Cystatin C Cystatin C is a low-molecular-weight protein that belongs to the family of cysteine proteinase inhibitor proteins. Several studies have shown that cystatin C is a good marker to estimate GFR. Cystatin C is present in all nucleated cells and its production is constant. Cystatin C is freely filtrated through the glomeruli and then completely reabsorbed by tubular cells, where it is fully catabolized. Accordingly, serum cystatin C concentration is correlated highly with GFR, whereas urinary cystatin C concentration is near zero in healthy individuals. Higher urinary cystatin C concentrations can occur after kidney tubular damage.

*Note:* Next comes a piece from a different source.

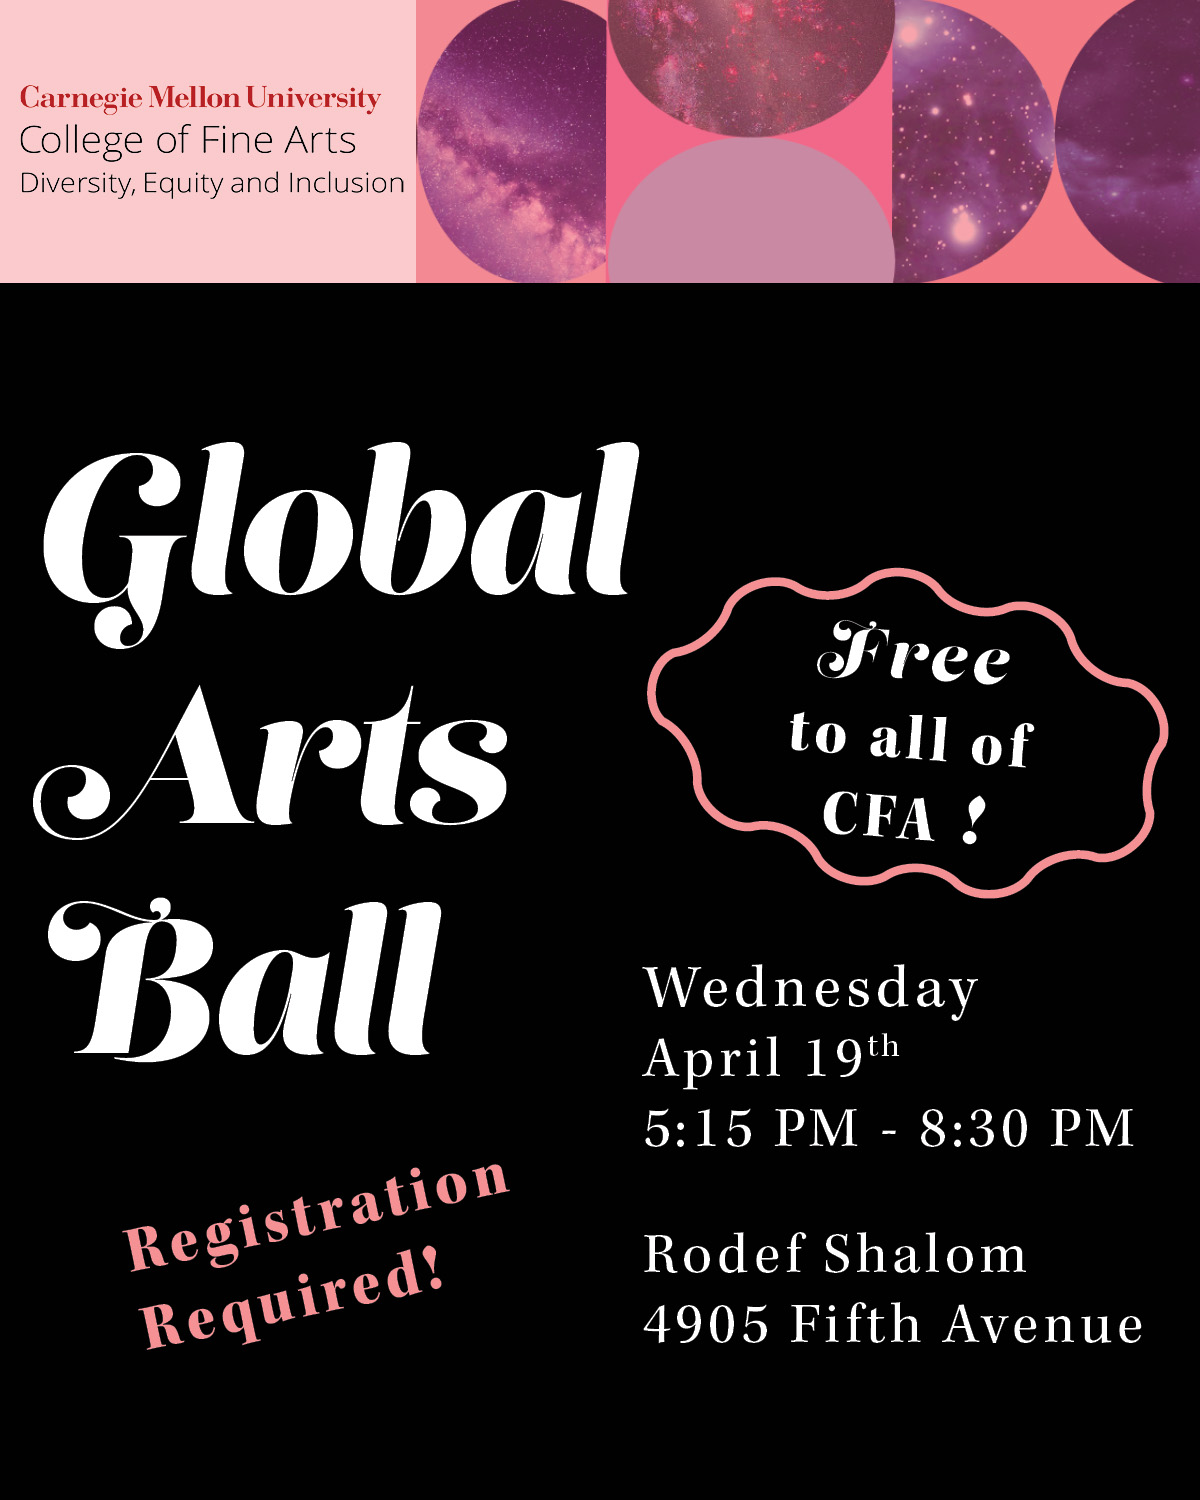 CMU CFA DEI Global Arts Ball. Free to all of CFA! Registration required! Wednesday April 19th, 5:15pm–8:30pm. Rodef Shalom, 4905 Fifth Ave.

Theoretically, this marker could be a useful tool to detect tubulointerstitial nephritis in patients with AN, but to our knowledge, this urinary marker has not been studied to date in this specific population. Different authors have suggested that serum cystatin C concentration could vary according to hormonal or medical conditions independently of a change in GFR. Moreover, it recently has been shown that serum cystatin C level also is dependent partly on muscle mass. The influence of muscle mass on cystatin C production is explained because muscle cells constitute the largest number of nucleated cells in the body. Nevertheless, the variability in serum cystatin C levels due to muscle mass is far lower than that of serum creatinine. In the previous work discussed, we showed that cystatin C was better than serum creatinine for detection of stage 3 CKD (GFR <60 mL/min) in patients with AN. This result should be confirmed on a larger sample.